Go through the entries below, count every line with the string "action", and answer with only that number.

(Recorded data)
________________________________________

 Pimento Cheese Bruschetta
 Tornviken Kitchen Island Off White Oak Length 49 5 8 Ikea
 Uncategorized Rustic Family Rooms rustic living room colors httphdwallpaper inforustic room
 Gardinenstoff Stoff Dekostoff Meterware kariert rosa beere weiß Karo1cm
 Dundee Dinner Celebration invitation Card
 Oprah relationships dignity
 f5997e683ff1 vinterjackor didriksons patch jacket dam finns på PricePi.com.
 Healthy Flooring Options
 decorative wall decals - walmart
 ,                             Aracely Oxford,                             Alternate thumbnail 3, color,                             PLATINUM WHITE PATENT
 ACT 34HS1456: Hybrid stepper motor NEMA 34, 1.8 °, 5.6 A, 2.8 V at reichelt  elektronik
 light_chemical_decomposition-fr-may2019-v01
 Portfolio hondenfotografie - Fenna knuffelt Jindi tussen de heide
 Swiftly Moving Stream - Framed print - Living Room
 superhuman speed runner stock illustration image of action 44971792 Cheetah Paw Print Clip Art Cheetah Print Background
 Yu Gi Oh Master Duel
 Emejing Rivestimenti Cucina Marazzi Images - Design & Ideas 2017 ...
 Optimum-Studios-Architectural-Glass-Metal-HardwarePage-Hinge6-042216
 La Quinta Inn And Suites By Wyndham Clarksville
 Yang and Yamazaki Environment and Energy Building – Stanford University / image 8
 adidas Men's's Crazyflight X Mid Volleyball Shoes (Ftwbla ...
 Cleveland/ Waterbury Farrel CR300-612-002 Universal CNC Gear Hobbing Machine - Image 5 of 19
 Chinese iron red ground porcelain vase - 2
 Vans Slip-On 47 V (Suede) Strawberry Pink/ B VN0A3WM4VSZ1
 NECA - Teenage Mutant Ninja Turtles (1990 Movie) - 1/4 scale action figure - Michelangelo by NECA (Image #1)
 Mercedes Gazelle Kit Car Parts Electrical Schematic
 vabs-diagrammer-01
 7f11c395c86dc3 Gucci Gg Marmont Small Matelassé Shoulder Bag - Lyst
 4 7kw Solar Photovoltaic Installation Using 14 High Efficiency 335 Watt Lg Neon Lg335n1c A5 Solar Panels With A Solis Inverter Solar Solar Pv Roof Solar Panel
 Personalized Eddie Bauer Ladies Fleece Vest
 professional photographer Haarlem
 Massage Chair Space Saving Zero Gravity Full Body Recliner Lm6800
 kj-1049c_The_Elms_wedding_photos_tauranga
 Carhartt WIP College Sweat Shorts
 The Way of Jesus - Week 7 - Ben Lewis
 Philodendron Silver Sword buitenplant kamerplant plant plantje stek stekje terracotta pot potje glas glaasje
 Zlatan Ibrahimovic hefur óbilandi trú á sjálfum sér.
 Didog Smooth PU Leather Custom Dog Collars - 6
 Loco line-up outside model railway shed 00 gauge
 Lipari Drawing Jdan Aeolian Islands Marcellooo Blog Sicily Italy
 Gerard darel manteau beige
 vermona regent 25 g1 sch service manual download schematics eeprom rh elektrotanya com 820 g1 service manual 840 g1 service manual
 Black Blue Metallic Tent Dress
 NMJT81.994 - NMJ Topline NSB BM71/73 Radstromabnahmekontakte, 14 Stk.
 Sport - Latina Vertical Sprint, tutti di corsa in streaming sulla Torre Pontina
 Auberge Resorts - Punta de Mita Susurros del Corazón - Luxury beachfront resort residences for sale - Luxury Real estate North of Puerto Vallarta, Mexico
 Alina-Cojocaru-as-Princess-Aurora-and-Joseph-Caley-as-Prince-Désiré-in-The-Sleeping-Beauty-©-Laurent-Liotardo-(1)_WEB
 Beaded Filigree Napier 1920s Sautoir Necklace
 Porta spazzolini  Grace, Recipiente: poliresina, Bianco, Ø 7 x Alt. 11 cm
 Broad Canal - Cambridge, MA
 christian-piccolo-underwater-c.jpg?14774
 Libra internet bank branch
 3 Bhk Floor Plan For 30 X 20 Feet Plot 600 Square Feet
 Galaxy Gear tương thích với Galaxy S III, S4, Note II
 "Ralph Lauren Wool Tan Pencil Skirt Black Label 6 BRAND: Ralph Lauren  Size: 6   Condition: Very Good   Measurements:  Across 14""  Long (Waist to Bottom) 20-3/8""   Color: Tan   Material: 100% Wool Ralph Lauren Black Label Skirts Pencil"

________________________________________

Answer space:
2